You may feel like the best way to future proof your PC is to throw in the most powerful Nvidia graphics card on the market, but nothing may be further from the truth. It's been known for a while that Nvidia typically leaves older cards out in driver optimizations, whereas AMD will continue to support its older GPUs for quite some time. This is proven once again my Doom Eternal's performance on older GPUs, as tested by the folks from Hardware Unboxed.
In its testing, Hardware Unboxed found that in pairs of GPUs from AMD and Nvidia, where they used to battle neck-in-neck at their release, AMD's GPUs today come out with significantly higher performance than Nvidia's counterparts in testing Doom Eternal.
Take for example the GTX 780 and its main competitor from when it was out seven years ago, the almighty AMD Radeon R9 290. Back then, the two battled closely with one or the other winning at different games, but in Doom Eternal we see something completely different. Whereas the GTX 780 is able to put down an average of 45 FPS, the R9 290, pushes out 116 FPS on average -- that's more than twice as fast as Nvidia's card!
Kepler cards really appear to have suffered as they've aged, and though Nvidia closed the gap a little with its newer GPUs, there are still huge performance gaps between what used to be very competitive cards.
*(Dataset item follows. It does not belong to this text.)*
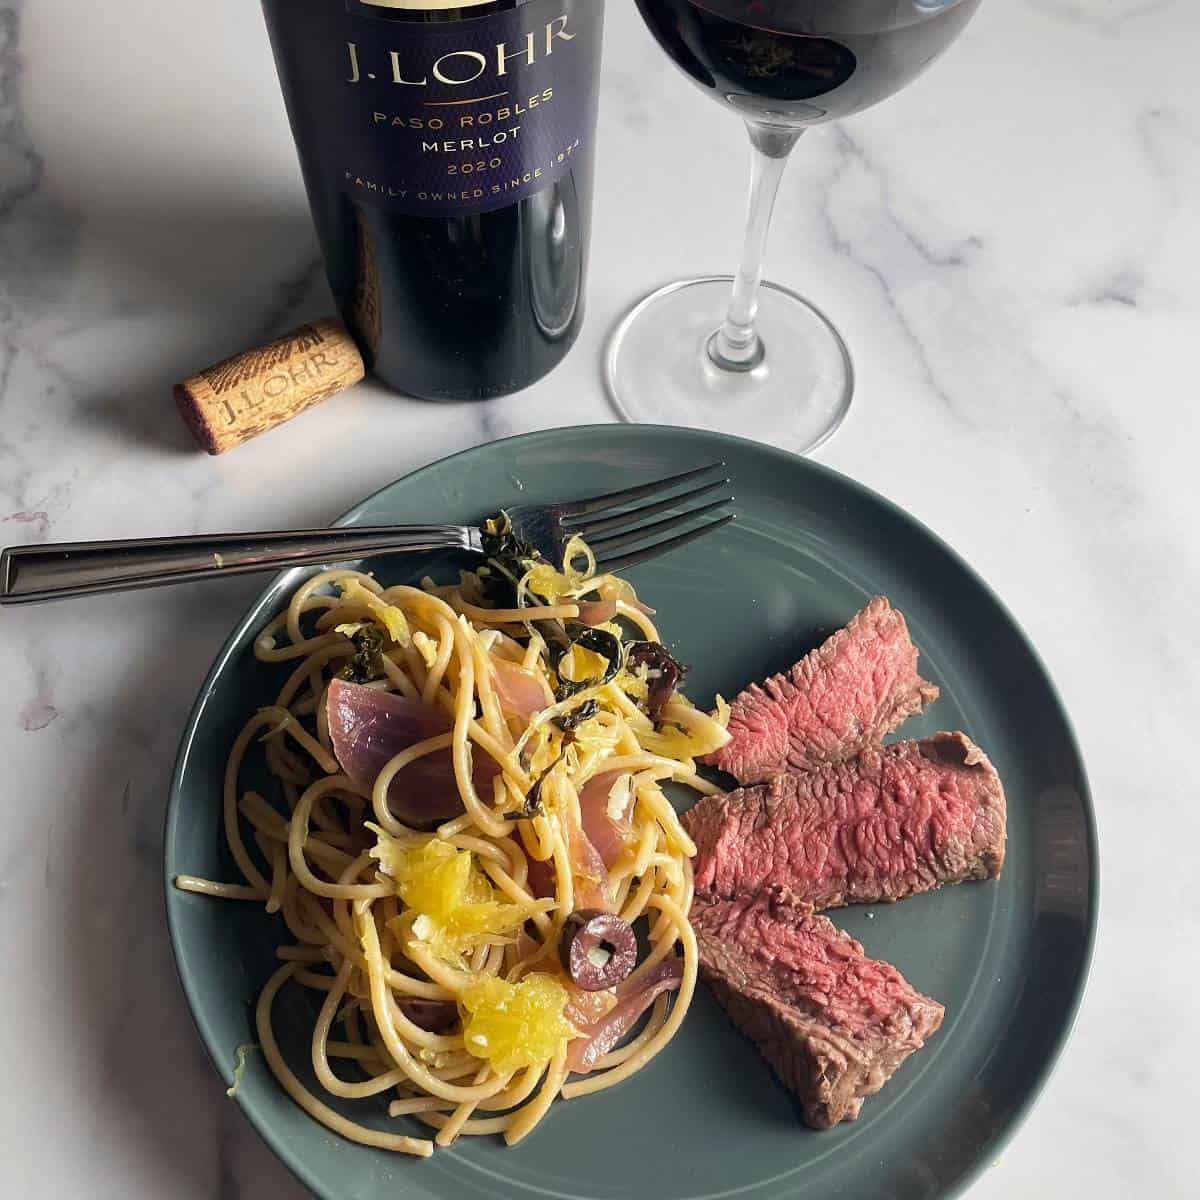 slices of steak served on a dark colored plate along with spaghetti and vegetables, and a glass of Merlot red wine.

We would say there's no excuse for Nvidia to leave its older cards out given that they're a much bigger company than AMD. However, let's be honest: can we really expect eight-year old GPUs to be receiving driver optimizations for the latest modern games?
Not really, and we shouldn't expect this from AMD, either. Nevertheless, if anyone from AMD is reading along: hats off to your driver dev team. We wholeheartedly appreciate your work.